Динамики медавтомата негромко пискнули.
— Нате, получите, — сказал фельдшер, открывая замки опорных дуг. — Столько лекарств на вашего старика угробил, вы представить себе не можете. На одного — целых 2 баллона регенератора ушло.
— Добавить? — спросил Конечников.
— Нет, — ответил прапорщик. — И деньги, которые дал, тоже забери. Военнослужащим и членам их семей обслуживание бесплатно.
Медик сунул ему купюры обратно.
— Забрать, так забрать, — пожал плечами Конечников. — У нас там кое-чего из харча осталось. Возьми. Обратно вести примета плохая. Алешка, будь добр…
Он указал глазами племяннику в сторону двери. Мальчик с готовностью кинулся выполнять просьбу дяди.
— Спасибо, — поблагодарил Авдеев.
Медик помог донести носилки со стариком до телеги. Они с предосторожностями уложили спящего деда, накрыли дерюжкой.
— Он теперь пару дней проспит, — проинструктировал он. — Дырок на нем больше не будет, а вот вернется ли к нему рассудок — один Бог ведает. Будет буянить, колите успокаивающее. Не стесняйся, звони в любое время. Теперь давай ты.
— Нет, не сегодня, — подумав, отказался Конечников. — За стариком присмотр нужен.
— Ну, как хочешь.
Медик положил в телегу пакет с ампулами и иньектор, написал код персонального вызова.
Конечников кивнул.
— Давайте прощаться, — предложил медик.
— Ну, бывай, Павел Петрович.

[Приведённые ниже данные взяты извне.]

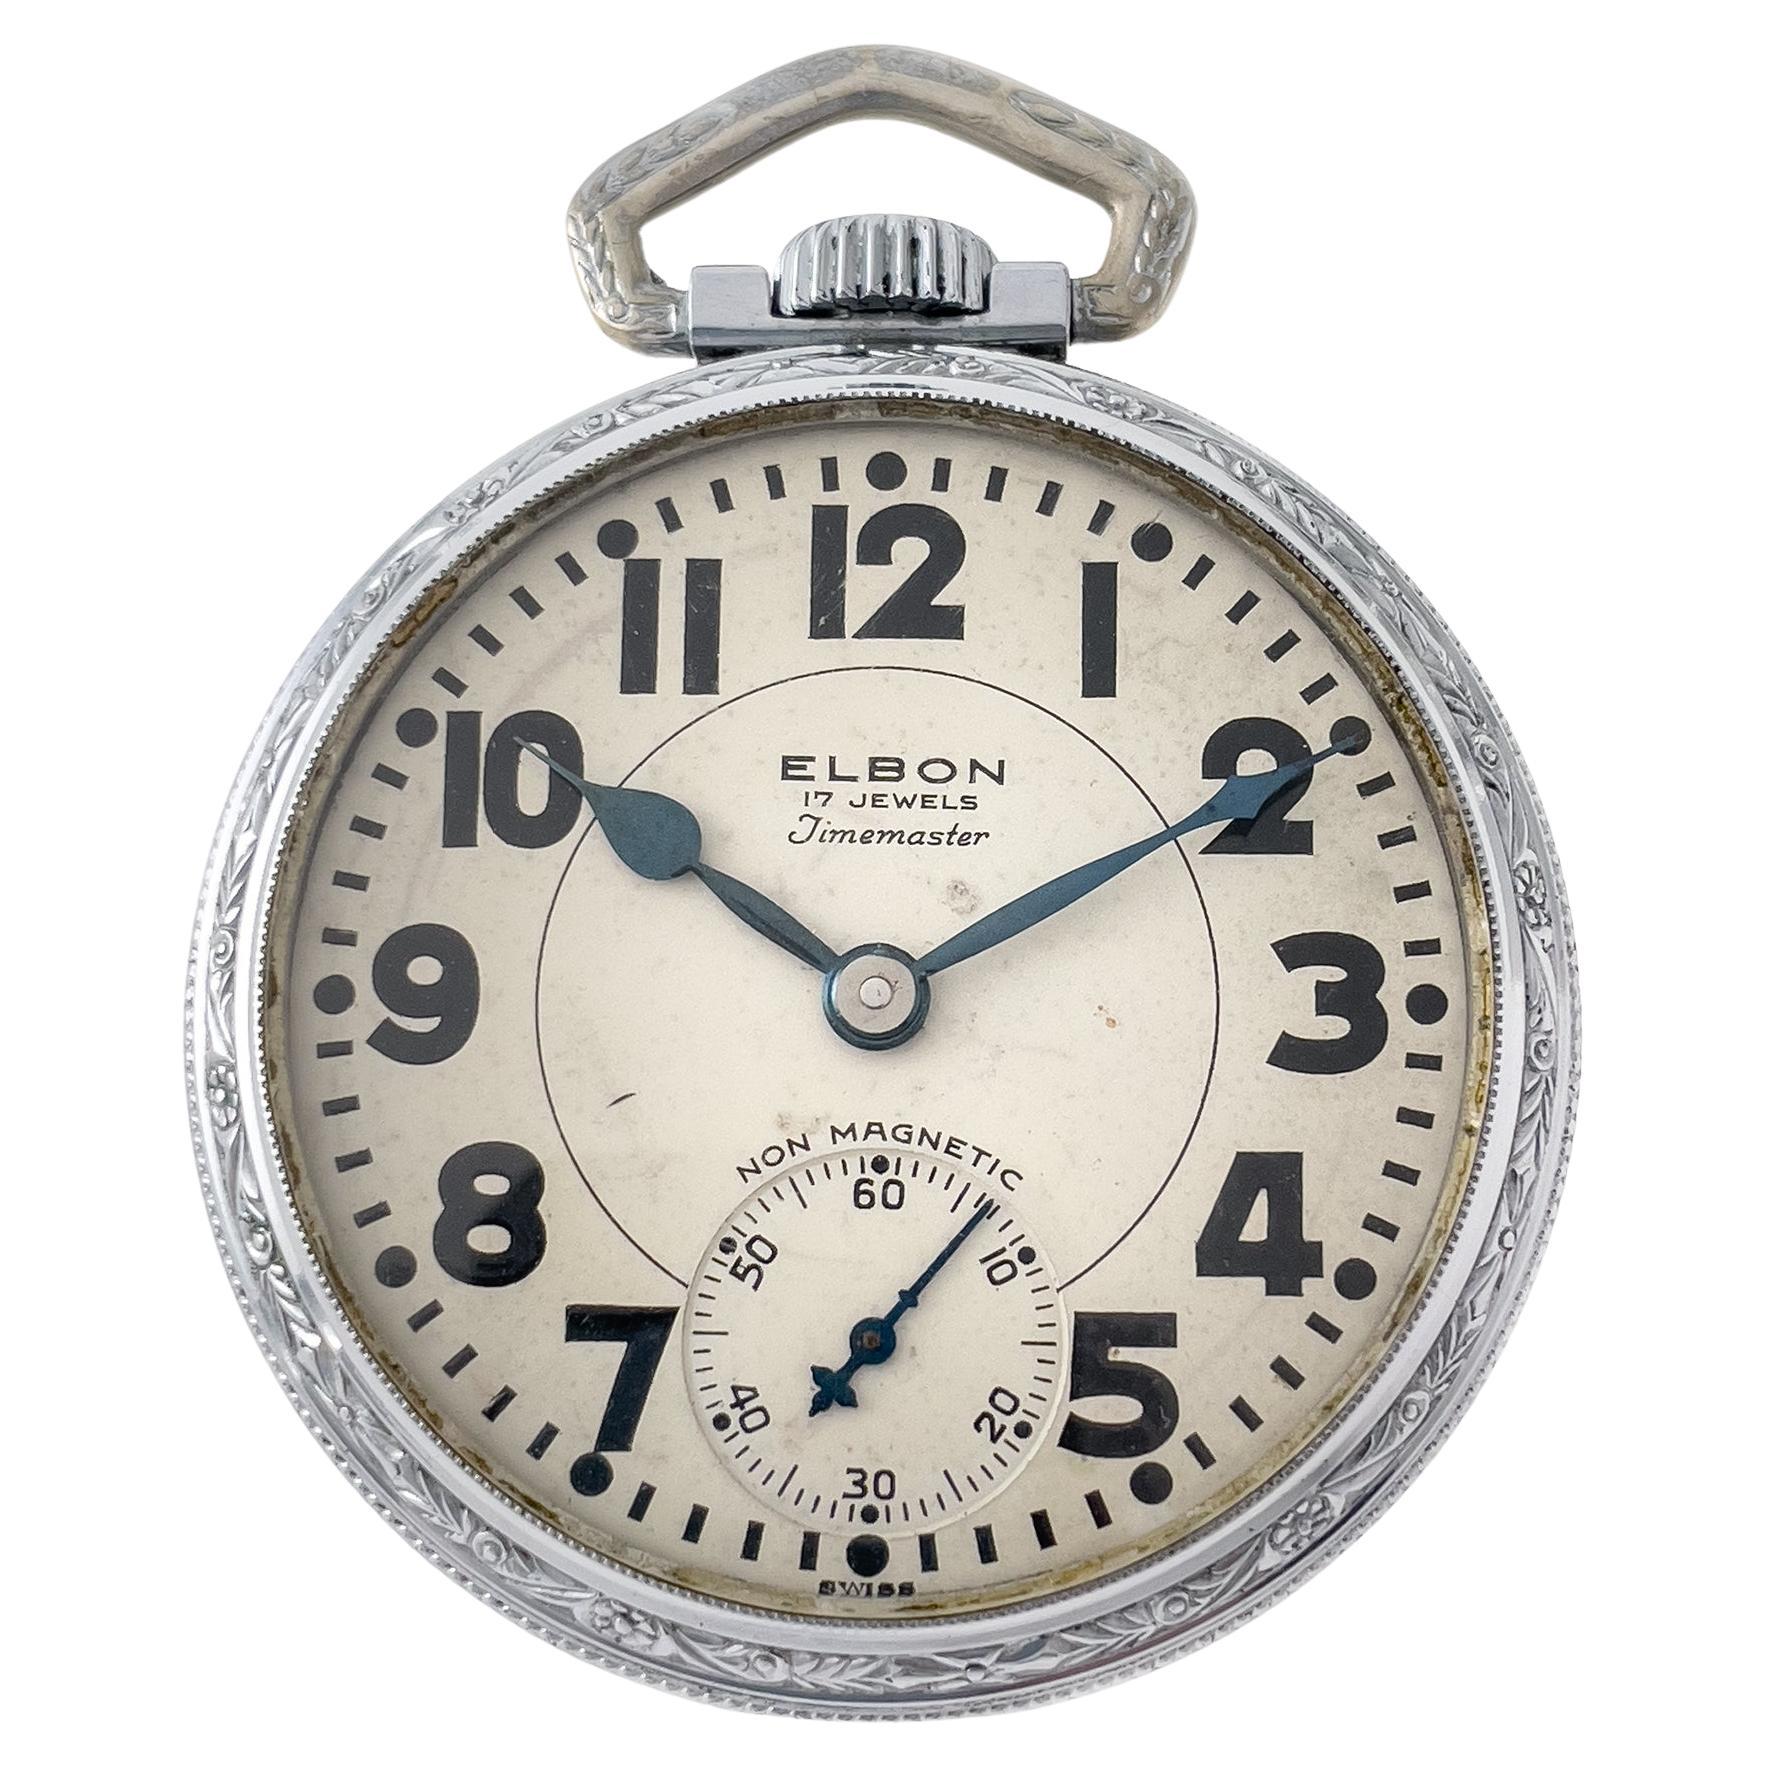 Elbon 17 Jewels Timemaster GMT Taschenuhr
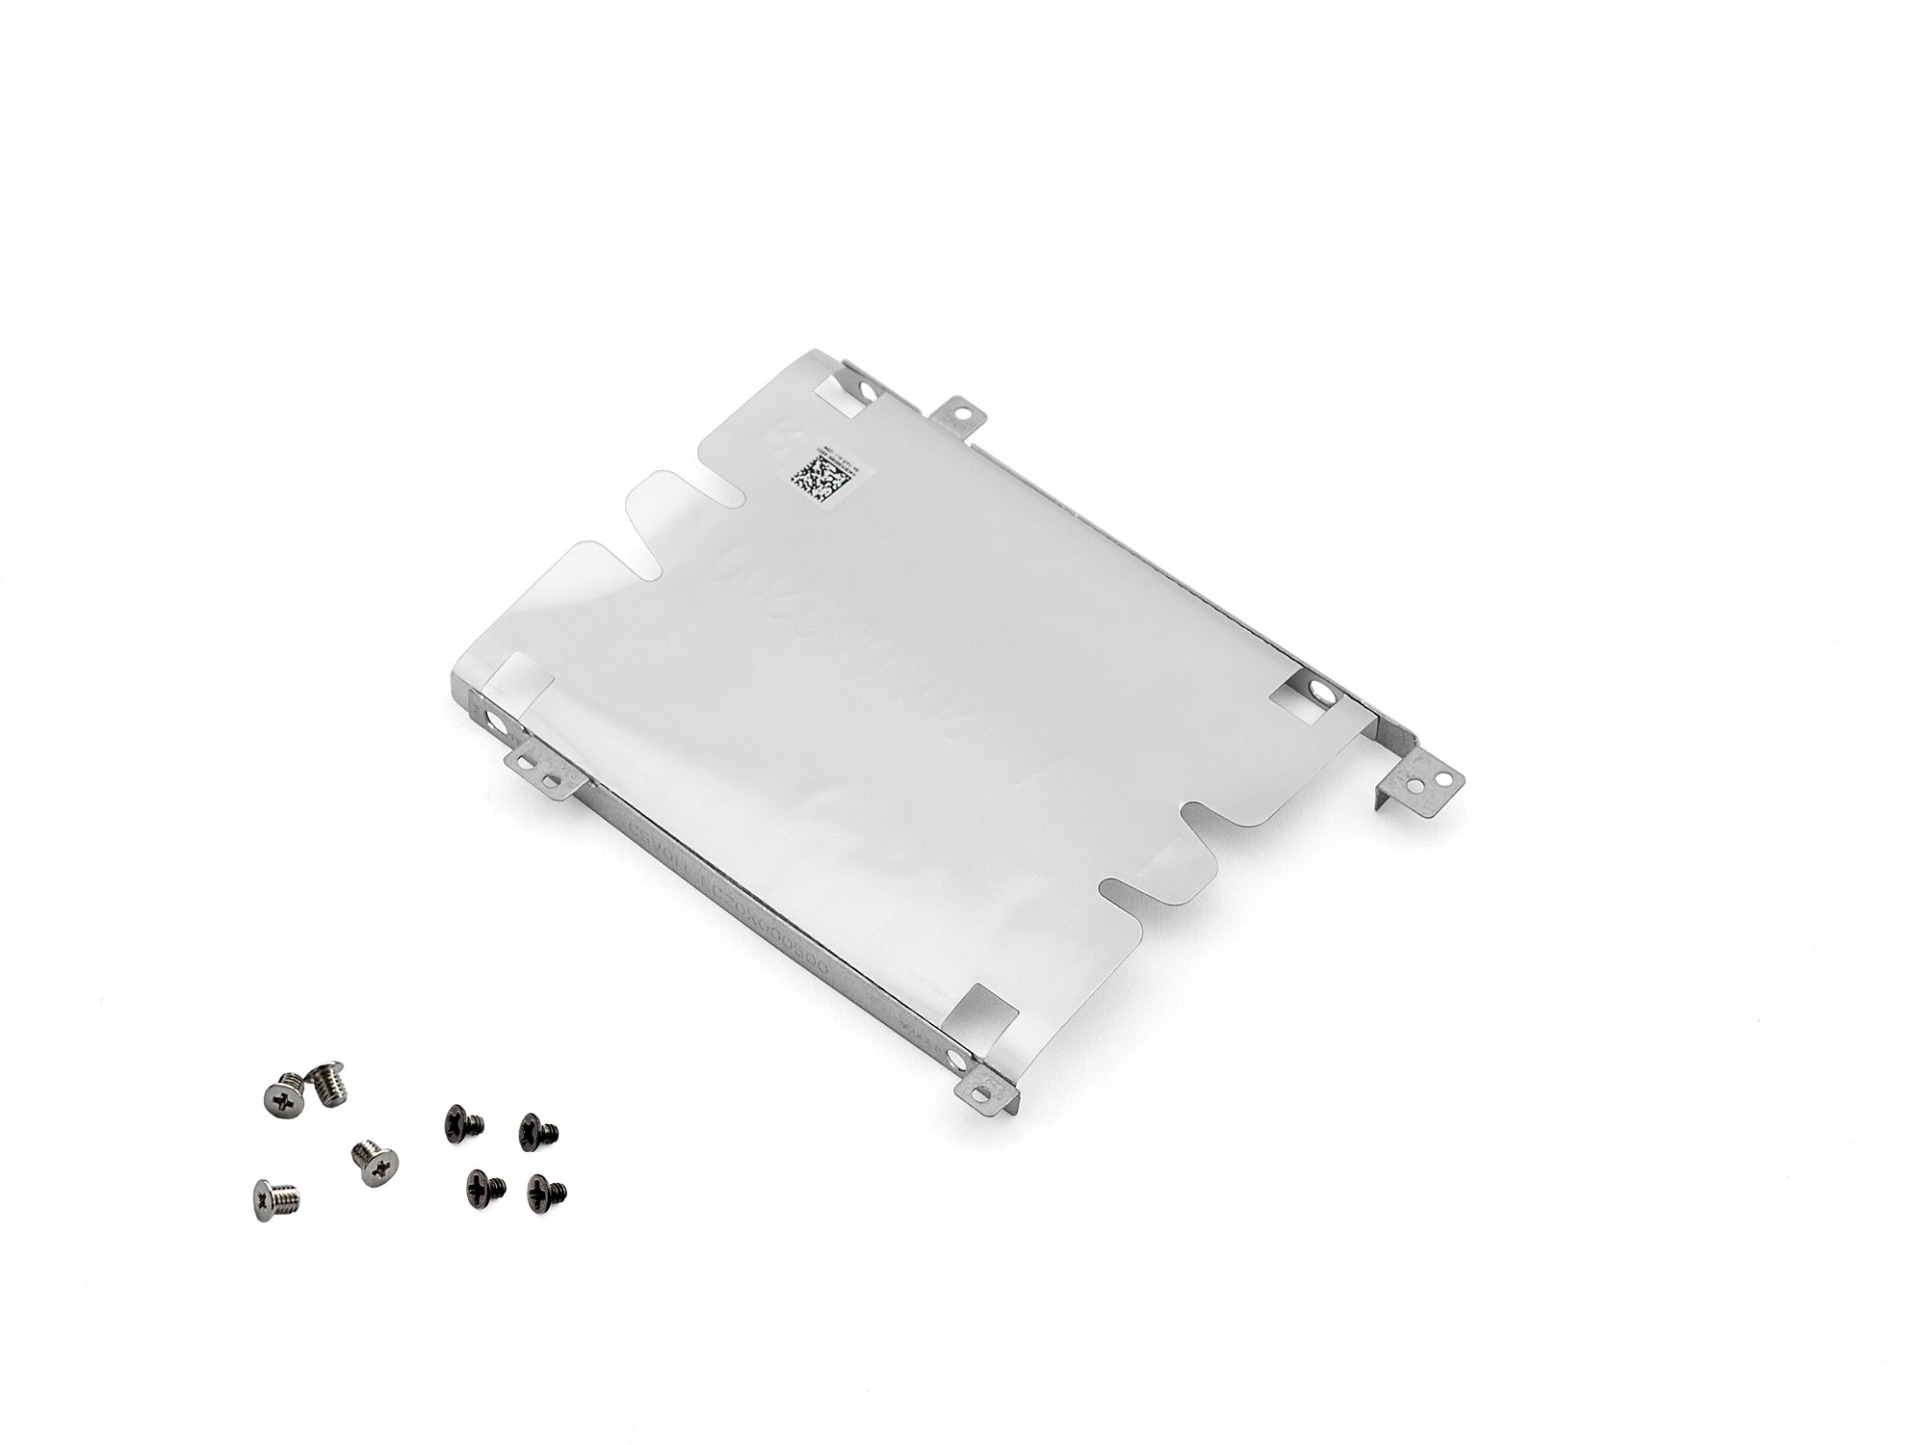 Festplatten-Einbaurahmen für den 2. Festplatten Schacht inkl. Schrauben Original für Acer Nitro 5 (AN515-41)

Большое спасибо.
Федор пожал Авдееву руку.
Затем медик простился с Виктором и Алешкой. Телега захромала на своих кривых колесах по импровизированной мостовой.
Прапорщик медицинской службы Авдеев вернулся в свое душное царство, догоняться презентованной ему местной самогонкой.
Братья стояли на крыльце и курили глядя на закат.
Ярисс садился за деревьями. Наступали долгие, кристально прозрачные сумерки. Небо было чистым, только у горизонта задержались серо-золотистые облака.
Словно и не было хмурого, дождливого утра и дня, насквозь продутого налетающим сразу со всех сторон ветром. Погода налаживалась.
— Гляди, брат, — сказал Виктор. — Завтрева будет ясно.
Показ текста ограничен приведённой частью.